In the obversion of a
particular negative to a particular affirmative the quantity of the subject also remains unchanged, and the predicate term is changed from simple negation to a term of the complementary class. The particular negative ("O") proposition is obverted to a particular affirmative ("I" proposition).
"Some S isn't P" and
"Some S is non-P"
"Some animals are not friendly creatures" and
"Some animals are unfriendly creatures."
Note that the truth-value of an original statement is preserved in its resulting obverse form. Because of this, obversion can be used to determine the immediate inferences of all categorical propositions, regardless of quality or quantity.

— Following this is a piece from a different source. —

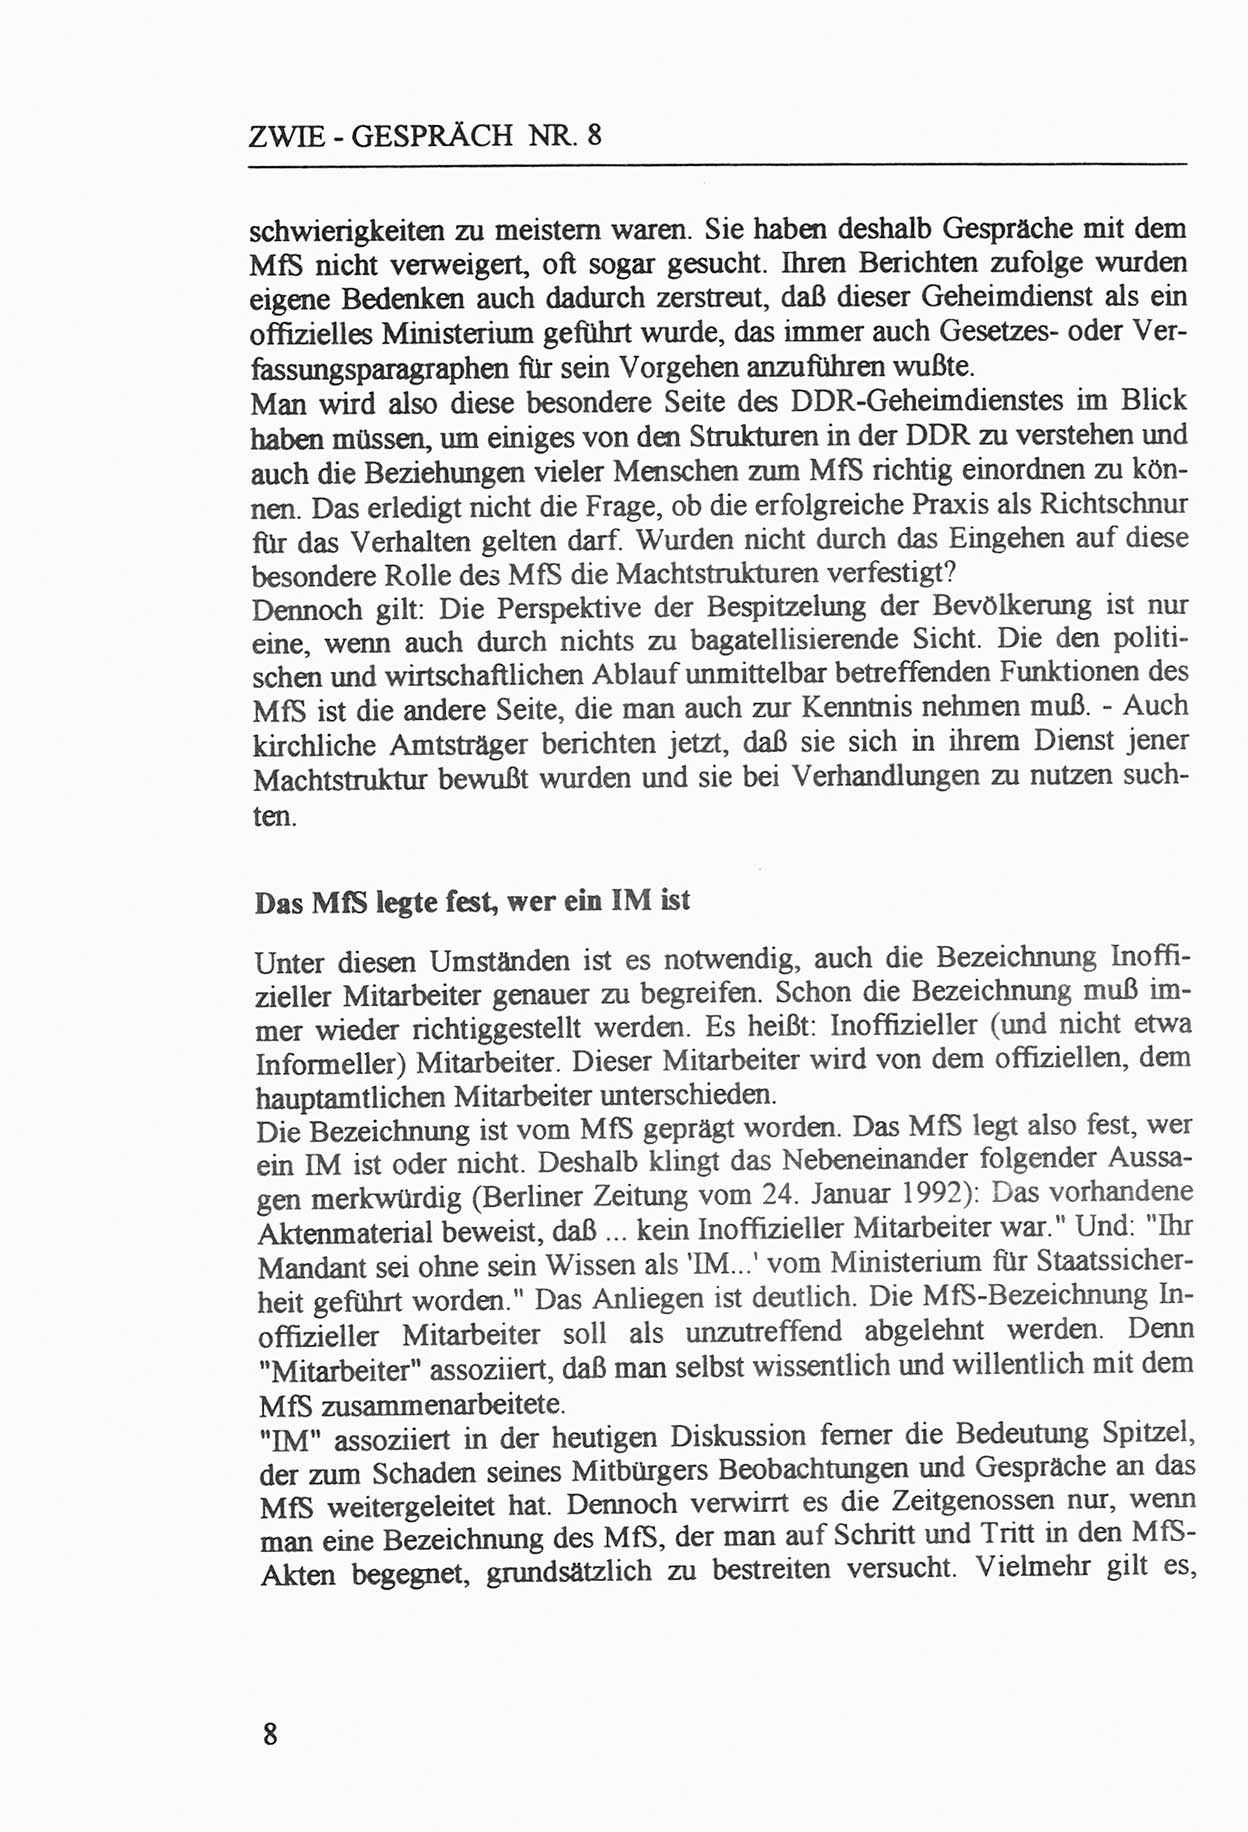 Zwie-Gespräch, Beiträge zur Aufarbeitung der Staatssicherheits-Vergangenheit [Deutsche Demokratische Republik (DDR)], Ausgabe Nr. 8, Berlin 1992, Seite 8 (Zwie-Gespr. Ausg. 8 1992, S. 8)

In addition, obversion allows us to navigate through the traditional
square of logical opposition by providing a means for us to proceed from "A" Propositions to "E" Propositions, as well as from "I" Propositions to "O" Propositions, and vice versa. However, it must be noted that although the resulting propositions from obversion are logically equivalent to the original statements in terms of truth-value, they're not semantically equivalent to their original statements in their standard form.
Bibliography
- Brody, Bobuch A. "Glossary of Logical Terms". Encyclopedia of Philosophy. Vol. 5-6. Macmillan, 1973.
- Copi, Irving. Introduction to Logic. MacMillan, 1953.
- Copi, Irving. Symbolic Logic. MacMillan, 1979, fifth edition.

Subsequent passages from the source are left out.